I turned off firewall just in case. I used luci for configuration and then re-checked config files manually.

relayd is running with the following options:

/usr/sbin/relayd -I br-lan -I wlan1 -L 192.168.100.83 -B -D

wlan1 is my wifi client and br-lan is obvious. I can ping from a PC connected to br-lan, but DHCP doesn't get any responses.

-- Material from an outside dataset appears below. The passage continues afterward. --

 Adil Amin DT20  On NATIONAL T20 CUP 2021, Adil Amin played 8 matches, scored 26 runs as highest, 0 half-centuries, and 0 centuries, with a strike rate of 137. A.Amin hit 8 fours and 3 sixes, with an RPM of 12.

I installed tcpdump on WNDR3800 and captured BOOTP/DHCP first on wlan1 (it passes both directions) and on br-lan (I only see requests but no responses). so broadcast passed in both directions via the WiFi client. I think this shows that relayd is not forwarding broadcast responses back to the originator.

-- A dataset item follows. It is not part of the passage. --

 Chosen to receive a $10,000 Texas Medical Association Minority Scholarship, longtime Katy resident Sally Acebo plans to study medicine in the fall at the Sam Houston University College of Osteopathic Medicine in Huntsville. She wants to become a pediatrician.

root@lrbridge:~# tcpdump -i wlan1 "port bootps"
tcpdump: verbose output suppressed, use -v or -vv for full protocol decode
listening on wlan1, link-type EN10MB (Ethernet), capture size 262144 bytes
17:36:29.182861 IP 0.0.0.0.68 > 255.255.255.255.67: BOOTP/DHCP, Request from 00:23:ae:65:a9:d5 (oui Unknown), length 300
17:36:29.193569 IP gw.home.67 > 255.255.255.255.68: BOOTP/DHCP, Reply, length 300

however

root@lrbridge:~# tcpdump -i br-lan "port bootps"
tcpdump: verbose output suppressed, use -v or -vv for full protocol decode
listening on br-lan, link-type EN10MB (Ethernet), capture size 262144 bytes
17:36:38.598745 IP 0.0.0.0.68 > 255.255.255.255.67: BOOTP/DHCP, Request from 00:23:ae:65:a9:d5 (oui Unknown), length 300
^C
1 packet captured

am I right in my analysis?

below is my /etc/config/network:

config interface 'loopback'
	option ifname 'lo'
	option proto 'static'
	option ipaddr '127.0.0.1'
	option netmask '255.0.0.0'

config globals 'globals'
	option ula_prefix 'fddb:40a0:9d52::/48'

config interface 'lan'
	option type 'bridge'
	option ifname 'eth0.1'
	option proto 'static'
	option netmask '255.255.255.0'
	option ip6assign '60'
	option ipaddr '192.168.99.128'
	option gateway '192.168.100.128'
	list dns '192.168.100.128'

config switch
	option name 'switch0'
	option reset '1'
	option enable_vlan '1'
	option blinkrate '2'

config switch_vlan
	option device 'switch0'
	option vlan '1'
	option ports '0 1 2 3 5t'

config switch_port
	option device 'switch0'
	option port '1'
	option led '6'

config switch_port
	option device 'switch0'
	option port '2'
	option led '9'

config switch_port
	option device 'switch0'
	option port '5'
	option led '2'

config interface 'wlan'
	option proto 'static'
	option netmask '255.255.255.0'
	list dns '192.168.100.128'
	option ipaddr '192.168.100.83'
	option gateway '192.168.100.128'

config interface 'stabridge'
	option proto 'relay'
	option ipaddr '192.168.100.83'
	list network 'lan'
	list network 'wlan'

I am running OpenWrt 19.07.0 r10860-a3ffeb413b.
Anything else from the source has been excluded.